In reality there is no such thing as an “underclass”. The idea that there are whole streets and communities in Britain where no one works is a myth.

Even on Karen Matthews’s street in Dewsbury – now held up as the classic sink estate – the Guardian found this week that almost every household had someone in work.

Areas where poverty is common do of course exist, but repeated studies have shown that poverty is a threat across the working class.
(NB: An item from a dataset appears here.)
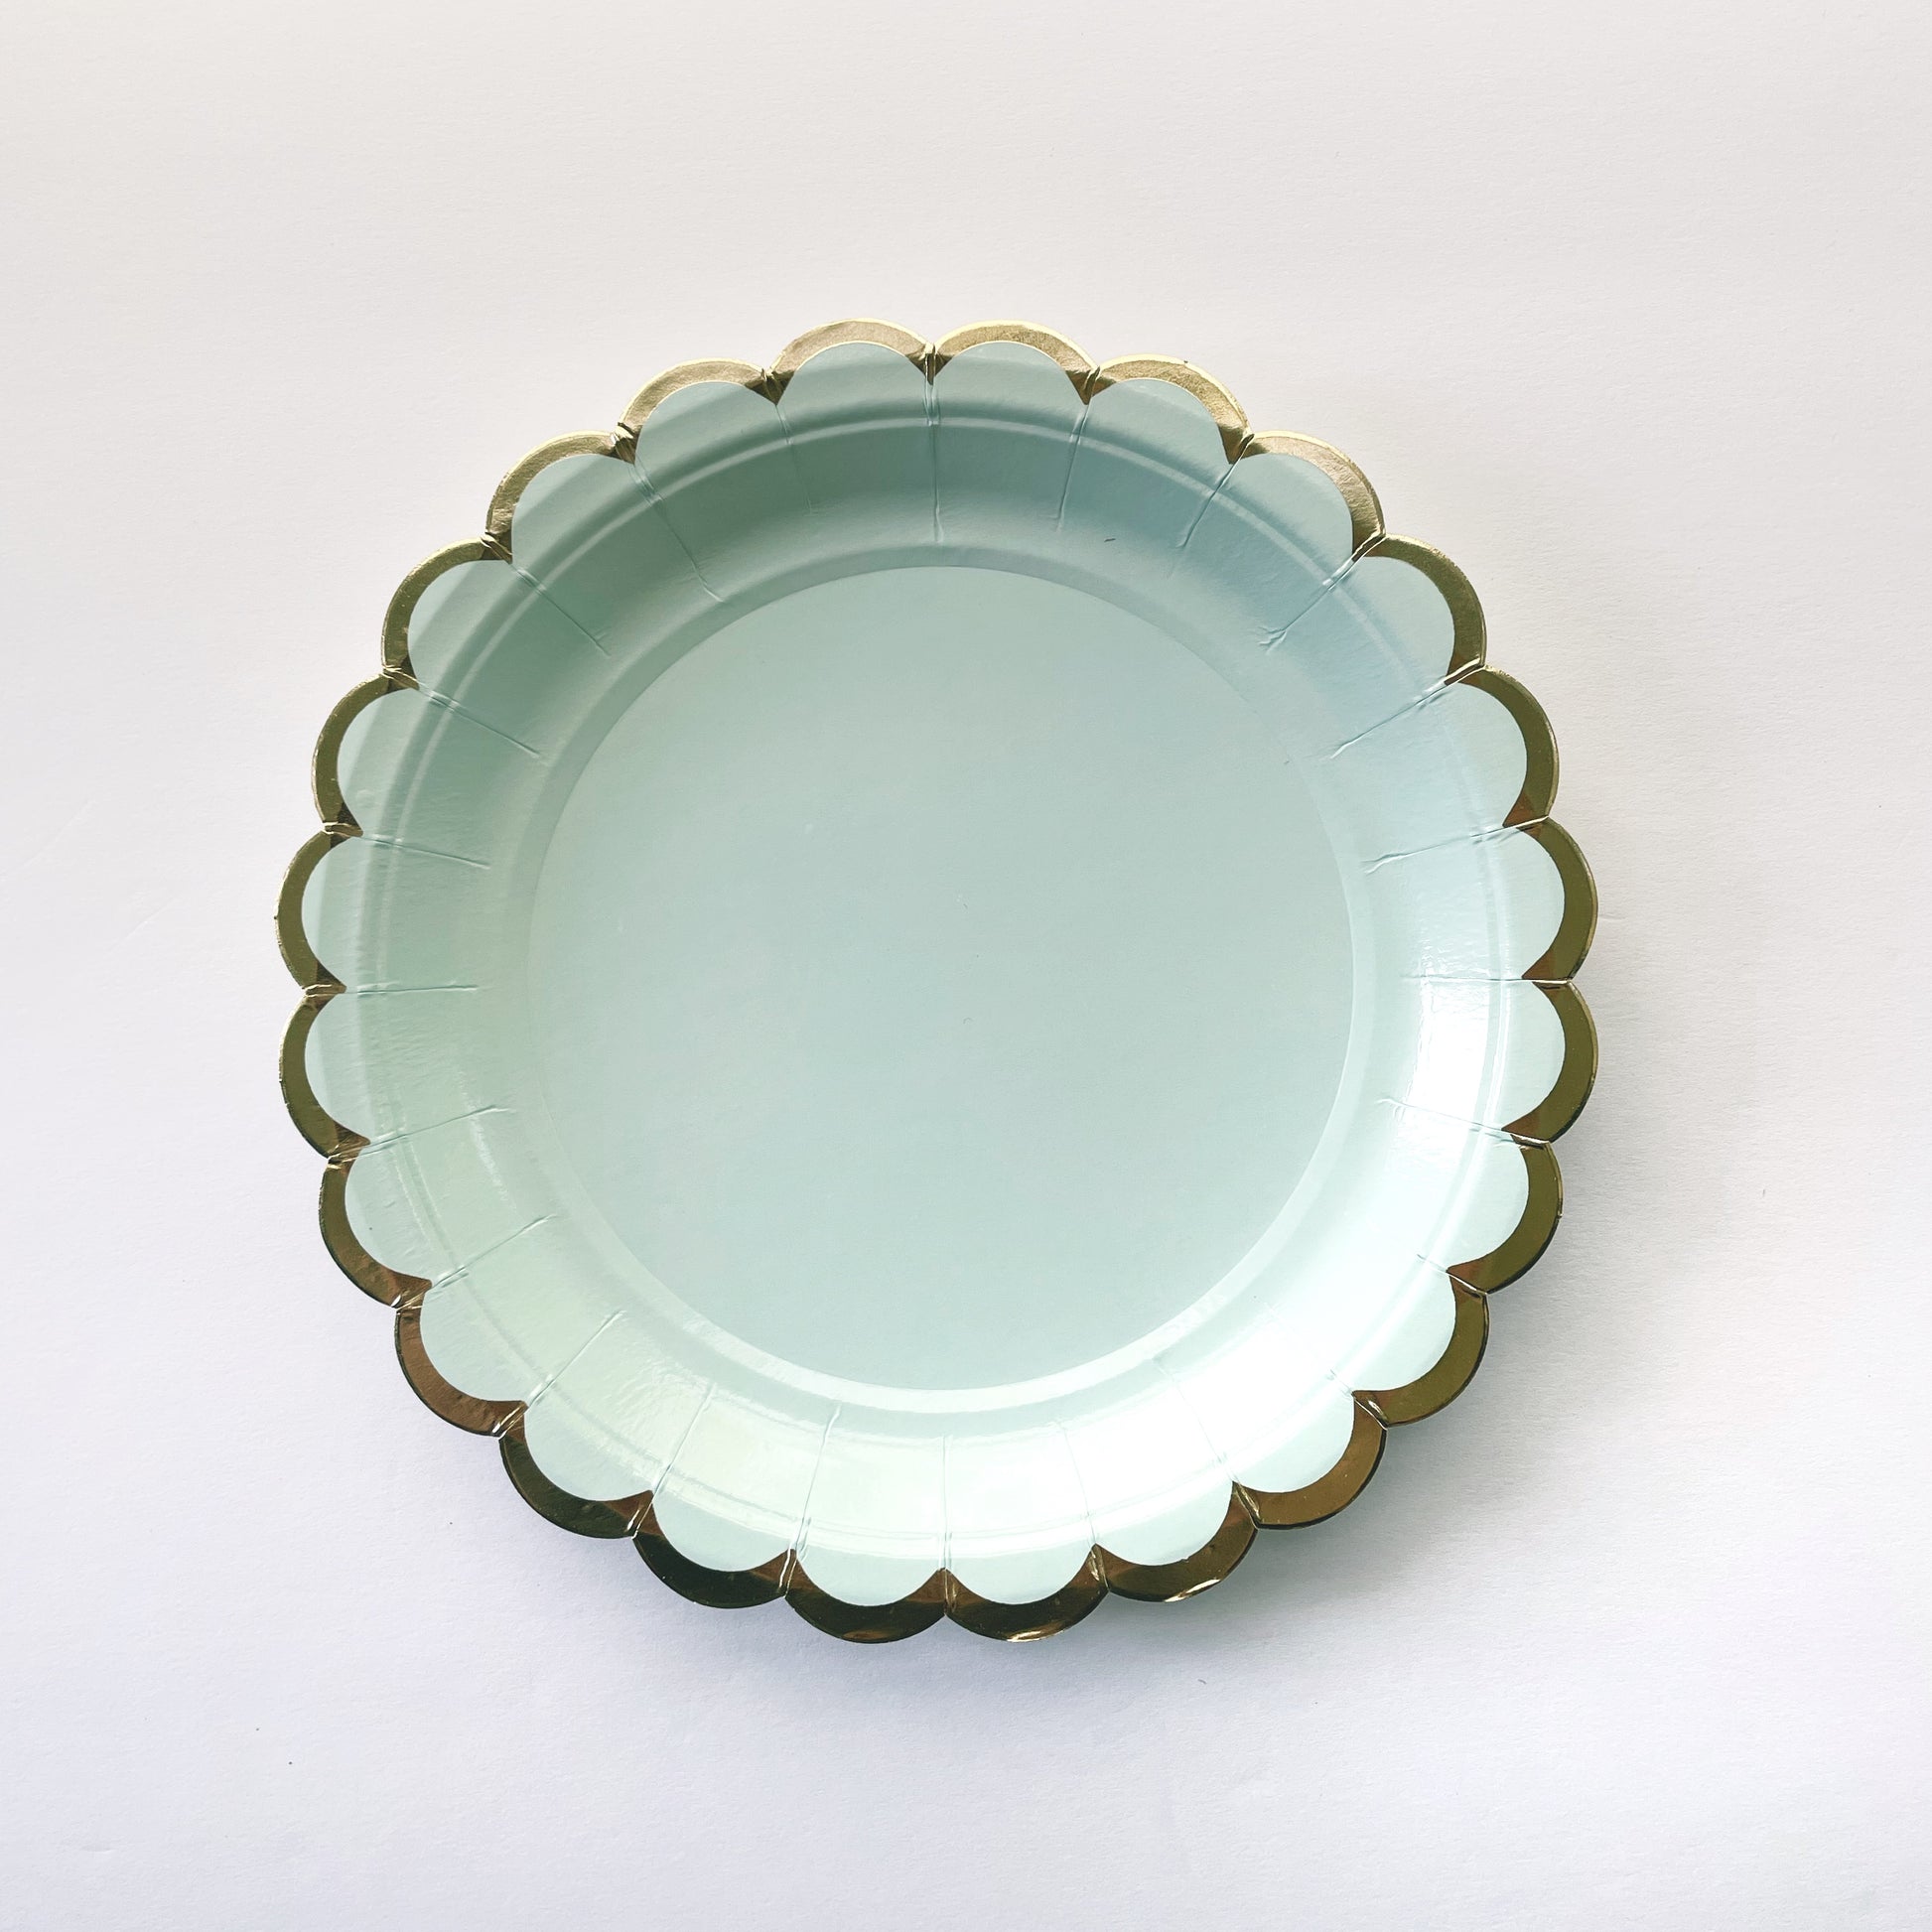 The small paper party plates are in the shape of a circle. The plates are a pale pastel blue colour with gold foil scalloped trim.

Many of those in poverty are families surviving on minimum wage or low paid jobs with little to show for it at the end of the month.

A 2002 report called Poverty and the Welfare State: Dispelling the Myths, by social policy expert Paul Spicker, attacked the notion of an underclass and took Labour to task for its attacks on “welfare dependency”.

The report found that although certain groups – such as young people, those out of work, or pensioners – are the most likely to be poor, no group “is immune to poverty”.

Throughout the 1990s some 60 percent of the population spent at least one year in the bottom 30 percent of income distribution.

Spicker concluded, “Poverty is not the moral, cultural or social problem of a permanently excluded underclass, but an economic risk that affects everyone.”

So for those truly concerned about the sort of society children are growing up in, the urgent question should be how to address the scandal of poverty.

The concept of some sort of “underclass” conjures Victorian-era notions of the “undeserving poor”.

These ideas inform much of New Labour’s “reforms” including its approach to welfare, crime and education.

The Tories refuse to be outdone by New Labour and have proposed that benefit claimants should have to disclose their family history.

Those whose parents and immediate family have been on benefits “long term” will be scrutinised, including their child’s performance in school.

The demonisation of those who receive benefits does nothing to address the real problem of poverty.